Comparison of Clinical Outcomes and Safety of Single-stage Bilateral and Unilateral Unicompartmental Knee Arthroplasty.
Unicompartmental knee artroplasty (UKA) is a method with high patient satisfaction and successful results, which is used in the surgical treatment of medial joint osteoarthritis accompanied by complete thickness cartilage loss (1,2). It is a less invasive procedure with shorter operation time (3), less blood loss, and without touching cartilage, bone, and ligaments in other parts of the knee, compared with total knee arthroplasty (TKA). In addition, stay in hospital is shorter and rehabilitation of the patients are faster with UKA (4-6). Although long-term results reveal that revision rate is a bit higher in UKA; UKA have important advantages such as lower morbidity and mortality rate and providing a more physiological joint compared with TKA (1,7).
It is known that at least 20% of patients with knee arthroplasty due to gonarthrosis have disease in both joints and patients are admitted to the hospital for surgical treatment of other knees after a knee surgery (3,8,9). The advantages of operating two knees in one surgery are decrease in treatment costs, shorter duration of hospitalization and shorter rehabilitation process (10-12). However, it is concerned that operating two knees in one surgery may prolong duration of the operation, increase the amount of bleeding and the need for transfusion, and complications, morbidity and mortality rate may be higher (3,13).
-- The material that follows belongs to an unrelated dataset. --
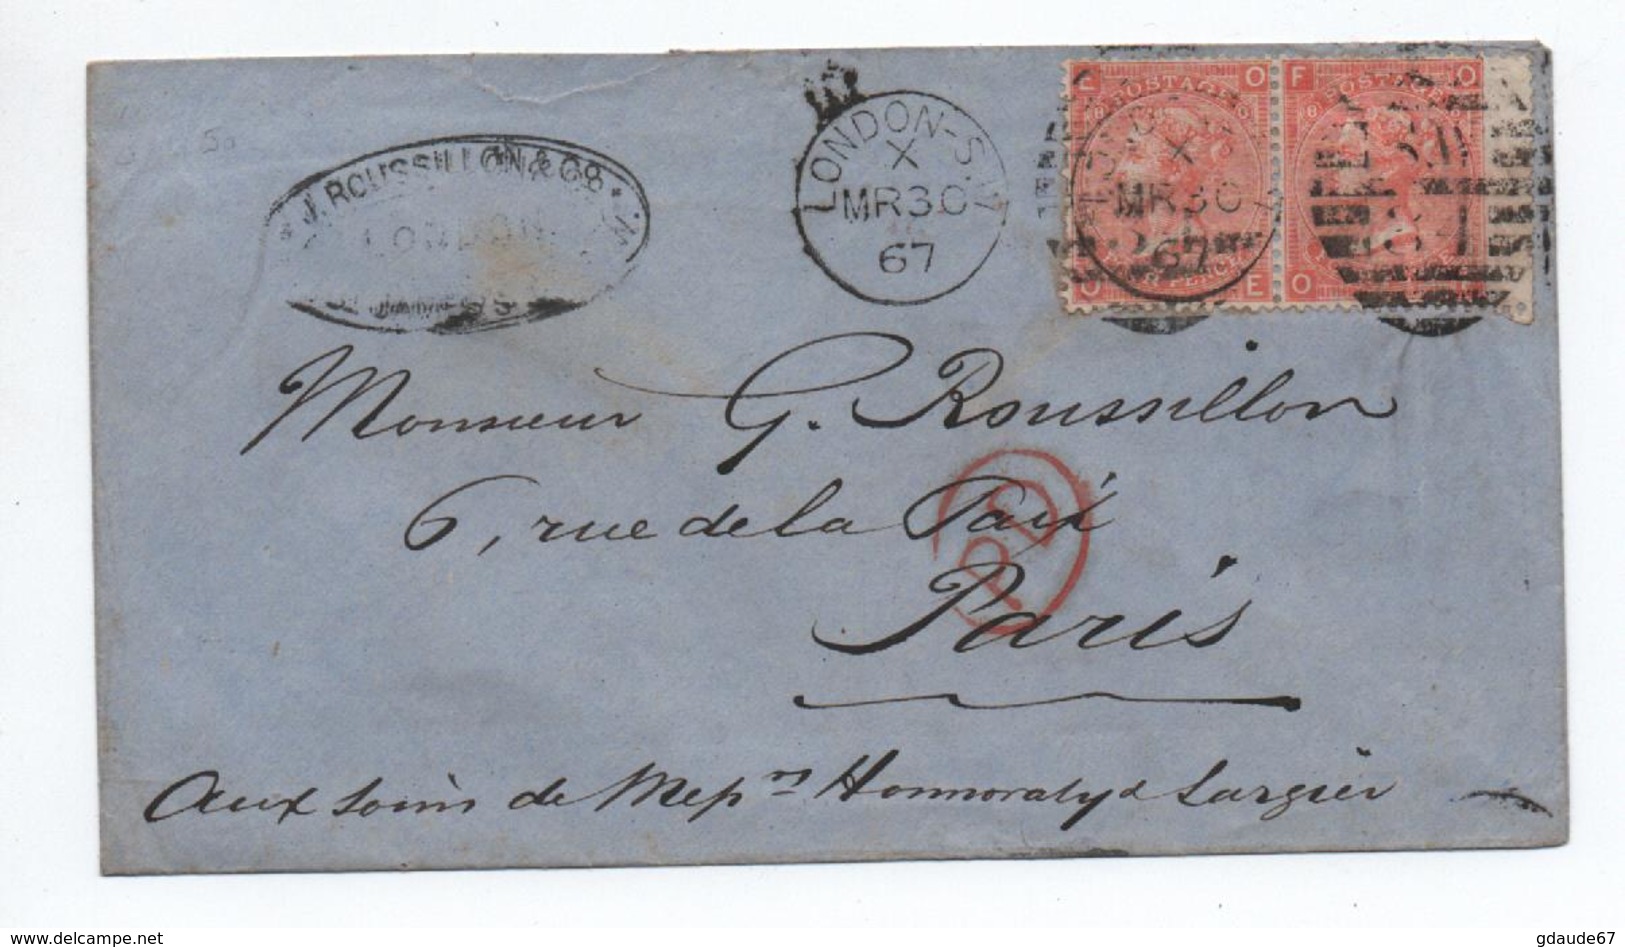 GRANDE BRETAGNE - 1867 - ENVELOPPE Avec PAIRE YVERT N° 32 Pour PARIS - Marcophilie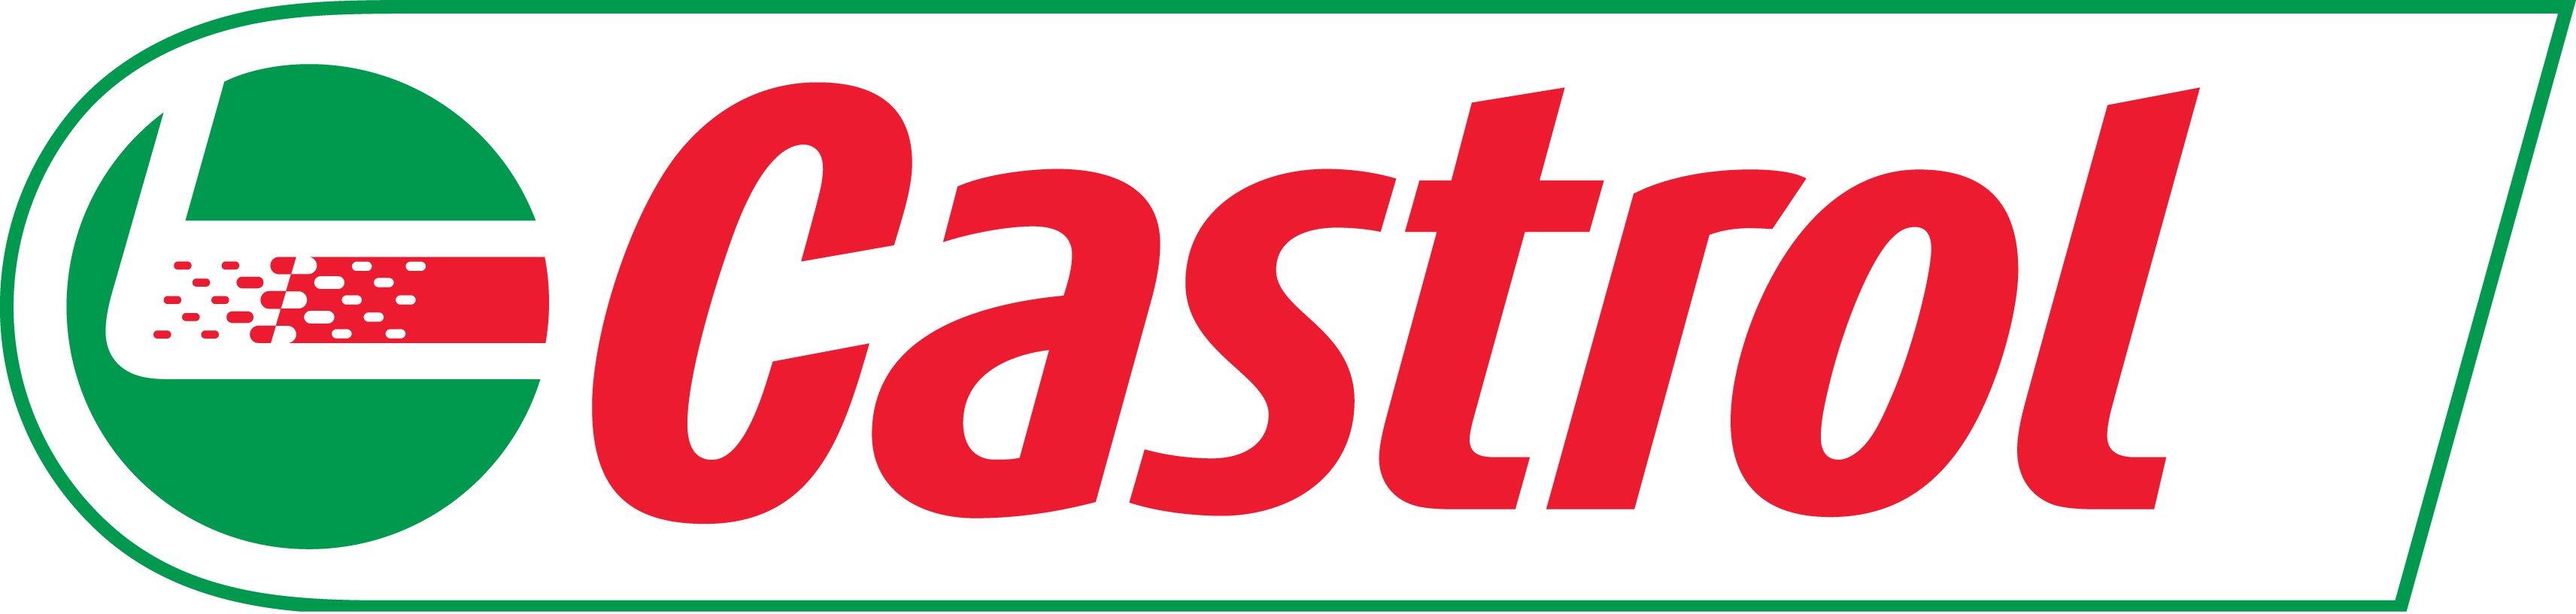 Castrol Logo Wallpaper

This study was planned based on the hypothesis that bilateral medial unicondylar procedure is as reliable and effective as unilateral procedure. The aim of this study was to compare radiological prosthesis alignments, clinical functional scores, patient satisfaction and complications in patients with unilateral UKA and bilateral UKA in one surgery for medial joint osteoarthritis.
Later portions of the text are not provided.